Aus vorgenannten Gründen erhellt, dass die Zuordnung des Arbeitsgerichts zum öffentlichen Recht nicht begründet ist. Bei einem Transfer in eine externe betriebsorganisatorisch eigenständige Einheit wechselt zwar der Vertragspartner des Arbeitnehmers, weil an die Stelle des bisherigen Arbeitgebers die fremde Beschäftigungsgesellschaft tritt (vgl. BAG Urteil vom 10. Dezember 1998 - 8 AZR 324/97 = BAGE 90, 266 ff.), der Wechsel geschieht jedoch auf der Basis einer rein privatrechtlichen Rechtsgrundlage und hat wegen der Teilfinanzierung über das Transferkurzarbeitergeld nur eine mittelbare Beziehung zum öffentlichen Recht.

47

Dies wird aus den, aus der Entscheidung des LAG Hamburg (Urteil v. 7.9.2005 - 5 Sa 41/05 -) entnommenen Ausführungen des Arbeitsgerichts selbst hinreichend deutlich. Ziel der Transfergesellschaften ist es, betriebsorganisatorisch eigenständige Einheiten zu organisieren, in denen das Transferkurzarbeitergeld nach § 216 b SGB III durchgeführt wird. Die Beantragung und Bewilligung von Kurzarbeit führt im Verhältnis des Klägers zum Träger dieser Maßnahme nicht zu einer rechtsqualitativen Änderung der eingegangenen Rechtsbeziehung (vgl. allg. zu Kurzarbeit: Erfk-Preis, 10. Aufl., BGB 230 § 611 Rz. 657 ff).
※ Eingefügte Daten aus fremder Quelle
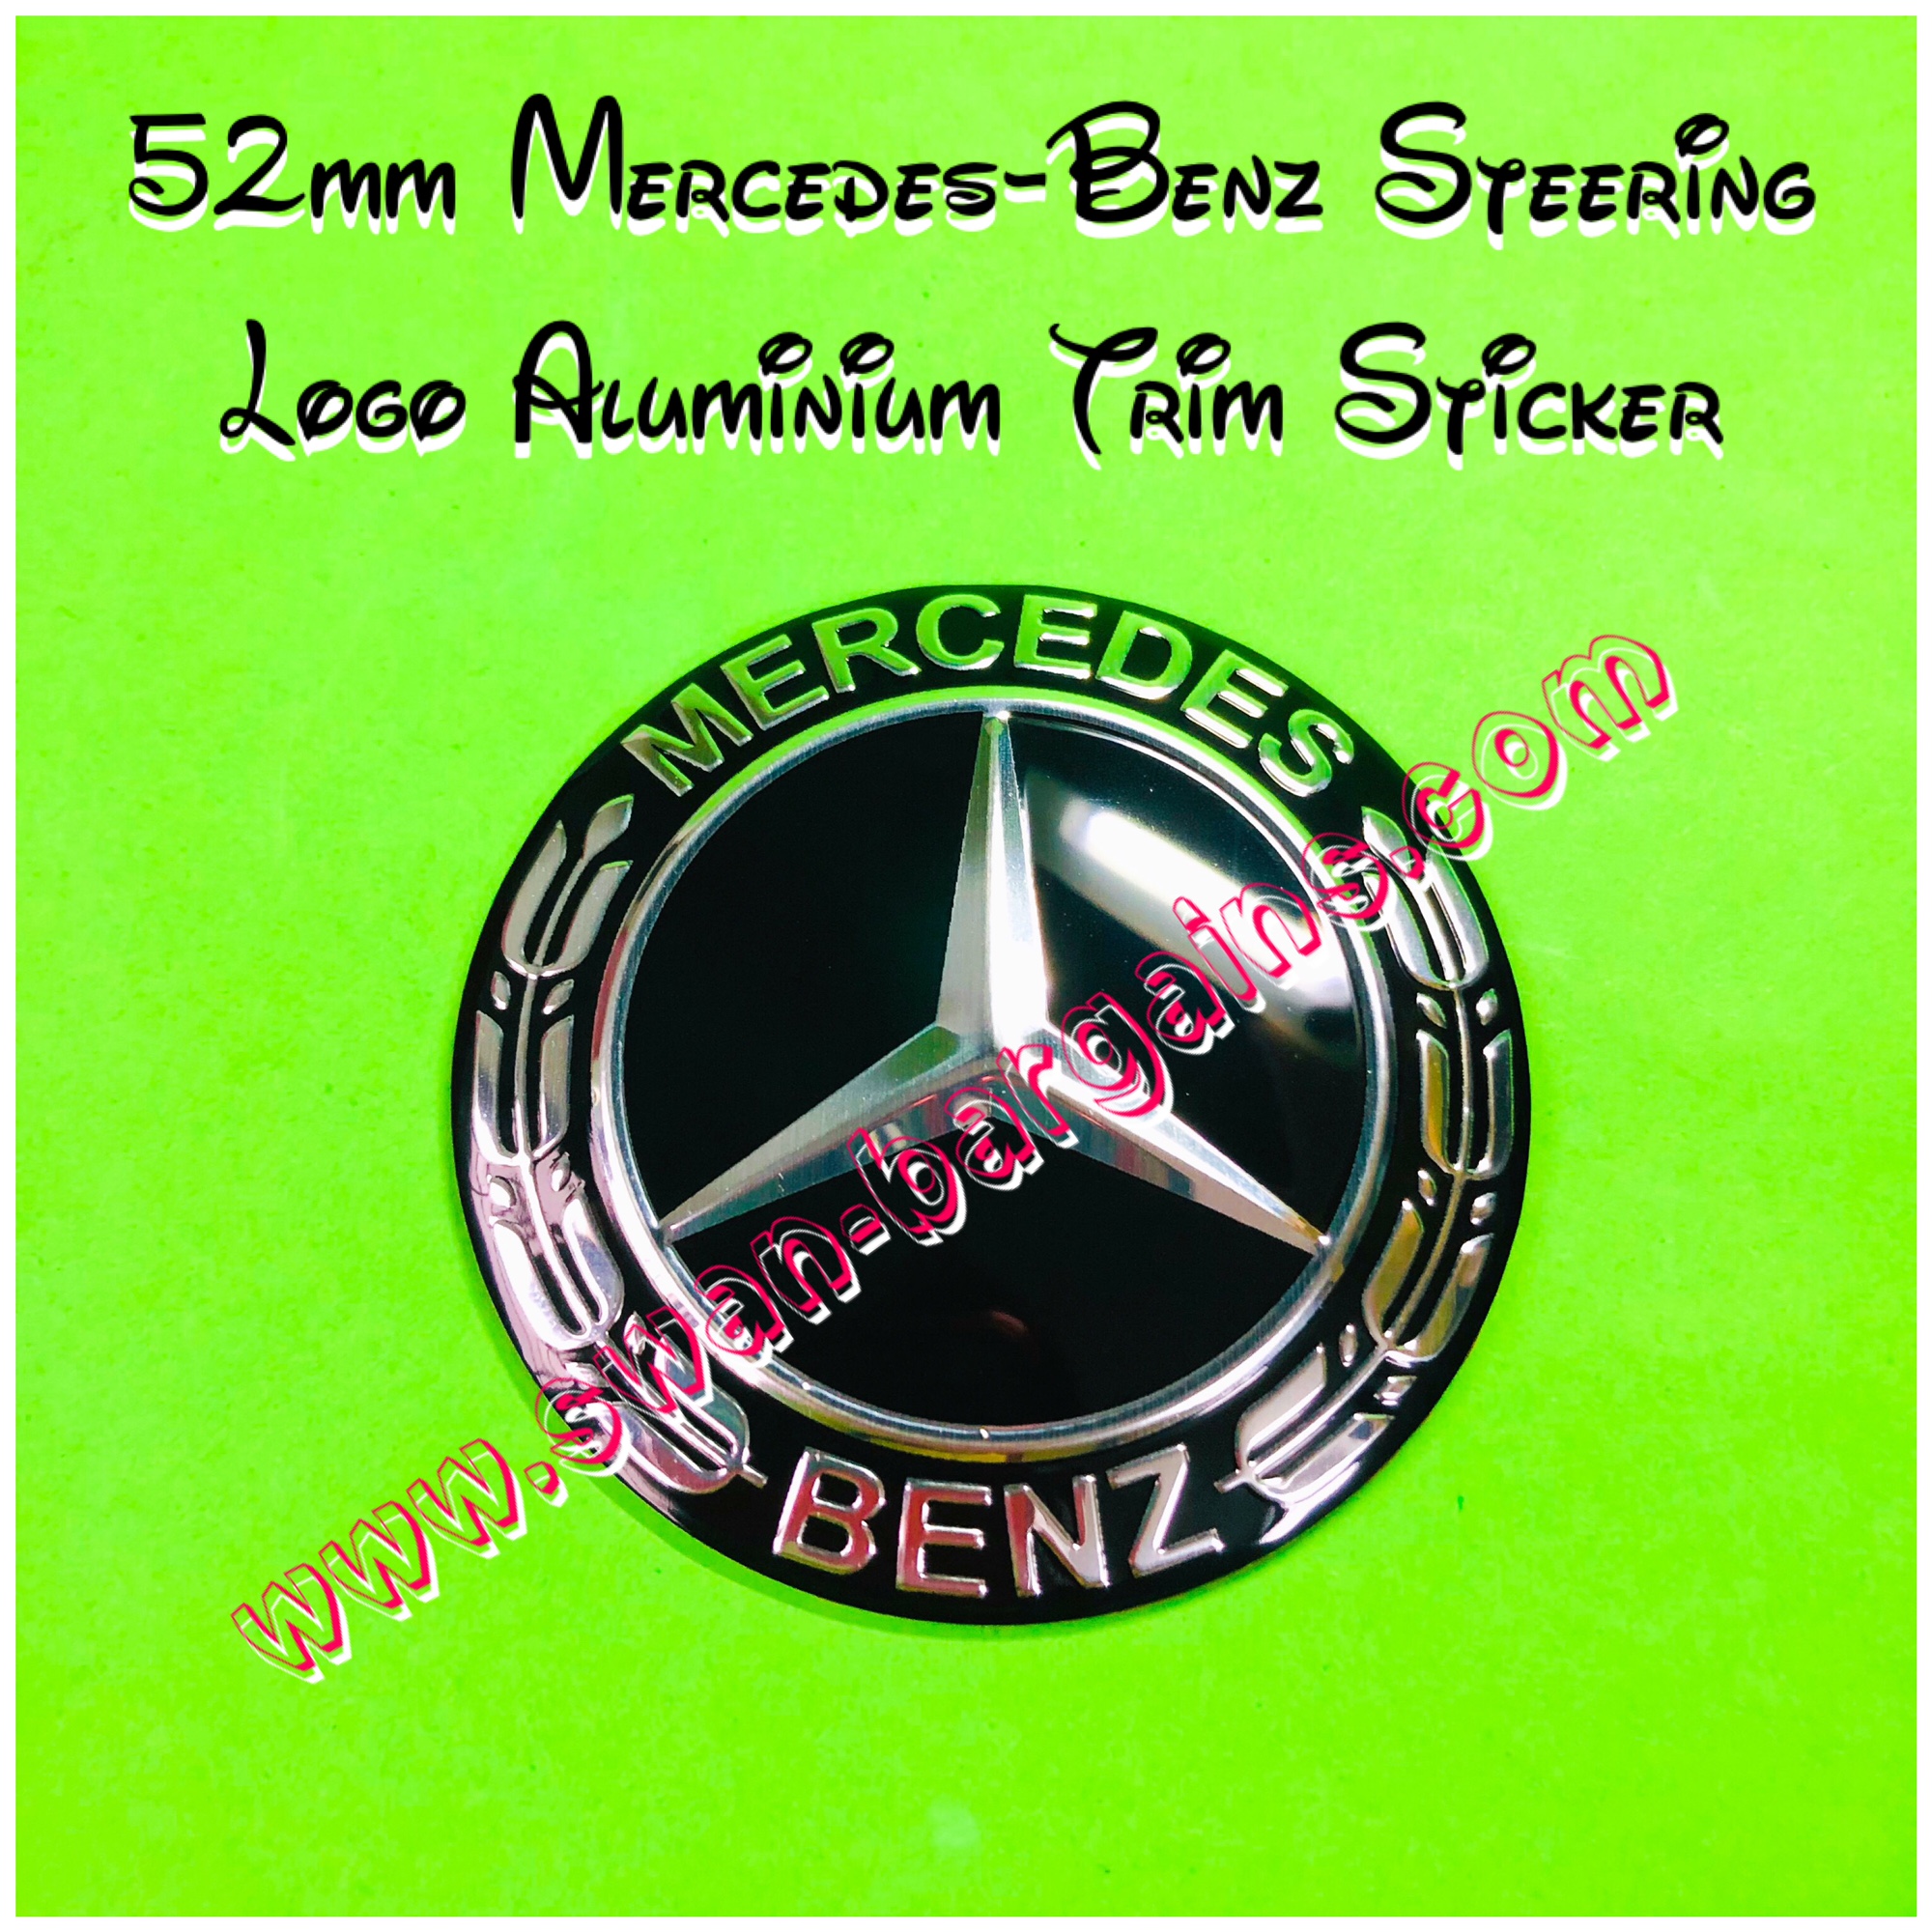 Mercedes Benz Steering Wheel Star Overlay Emblem Singapore - 52mm Glossy Black

Gleiches muss für das Transferkurzarbeitergeld nach § 216 b SGB III gelten.

48

2. Die Beschwerde des Klägers erweist sich als unbegründet. Das Beschwerdebegehren des Klägers - ausgelegt anhand der Beschwerdebegründung -, ist auf den Erhalt des Rechtswegs zu den Gerichten für Arbeitssachen gerichtet. Mit den Ausführungen unter 1. ist jedoch der Rechtsweg zu den allgemeinen Zivilgerichten eröffnet.

49

3. Nach alledem war der angefochtene Beschluss aufzuheben und eine Verweisung an das Amtsgericht Ludwigshafen vorzunehmen.

III.

50

Dem Kläger werden die durch ihn verursachten Kosten des Beschwerdeverfahrens auferlegt. (§ 97 ZPO entsprechend).

51

Die Zulassung der Rechtsbeschwerde für den Kläger beruht auf §§ 78 Satz 1, 72 Abs. 2 ArbGG.